Prompt: Taking the listing below, restate word for word each line from the line with "Many different upholstery" to the line with "Paradise Bird is", ends included, and stop there.

◆ ◆ ◆ ◆

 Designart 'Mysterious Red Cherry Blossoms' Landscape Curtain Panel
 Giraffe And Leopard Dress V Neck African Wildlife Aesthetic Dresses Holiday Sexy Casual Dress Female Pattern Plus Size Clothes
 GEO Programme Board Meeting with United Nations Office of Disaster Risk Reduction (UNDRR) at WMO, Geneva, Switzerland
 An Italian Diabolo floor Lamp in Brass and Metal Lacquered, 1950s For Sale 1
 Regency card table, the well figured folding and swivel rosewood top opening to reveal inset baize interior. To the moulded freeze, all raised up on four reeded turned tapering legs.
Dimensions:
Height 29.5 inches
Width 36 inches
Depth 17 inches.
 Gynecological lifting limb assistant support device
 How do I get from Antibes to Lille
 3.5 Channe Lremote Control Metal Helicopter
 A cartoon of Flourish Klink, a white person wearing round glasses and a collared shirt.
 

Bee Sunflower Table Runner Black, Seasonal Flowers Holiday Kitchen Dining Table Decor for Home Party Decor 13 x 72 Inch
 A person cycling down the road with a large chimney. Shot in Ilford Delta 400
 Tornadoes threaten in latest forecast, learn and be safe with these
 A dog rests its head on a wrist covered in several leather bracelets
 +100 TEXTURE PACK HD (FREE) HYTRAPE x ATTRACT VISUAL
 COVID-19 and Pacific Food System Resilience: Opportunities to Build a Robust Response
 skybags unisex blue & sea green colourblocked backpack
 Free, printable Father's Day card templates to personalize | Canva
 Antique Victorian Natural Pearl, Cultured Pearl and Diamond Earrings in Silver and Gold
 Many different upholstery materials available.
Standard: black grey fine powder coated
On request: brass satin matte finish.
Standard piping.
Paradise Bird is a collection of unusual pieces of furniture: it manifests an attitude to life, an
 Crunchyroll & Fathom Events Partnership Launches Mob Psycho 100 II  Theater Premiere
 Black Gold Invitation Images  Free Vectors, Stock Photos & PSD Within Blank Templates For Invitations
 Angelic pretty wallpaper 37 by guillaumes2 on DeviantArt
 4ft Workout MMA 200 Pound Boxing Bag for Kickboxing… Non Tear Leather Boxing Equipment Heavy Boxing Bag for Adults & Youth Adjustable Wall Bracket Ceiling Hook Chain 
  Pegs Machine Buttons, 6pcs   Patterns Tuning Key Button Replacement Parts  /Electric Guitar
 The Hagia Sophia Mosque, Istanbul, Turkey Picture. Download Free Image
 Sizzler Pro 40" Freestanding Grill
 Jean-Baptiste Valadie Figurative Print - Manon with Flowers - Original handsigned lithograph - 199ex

◆ ◆ ◆ ◆

Task solution:
 Many different upholstery materials available.
Standard: black grey fine powder coated
On request: brass satin matte finish.
Standard piping.
Paradise Bird is a collection of unusual pieces of furniture: it manifests an attitude to life, an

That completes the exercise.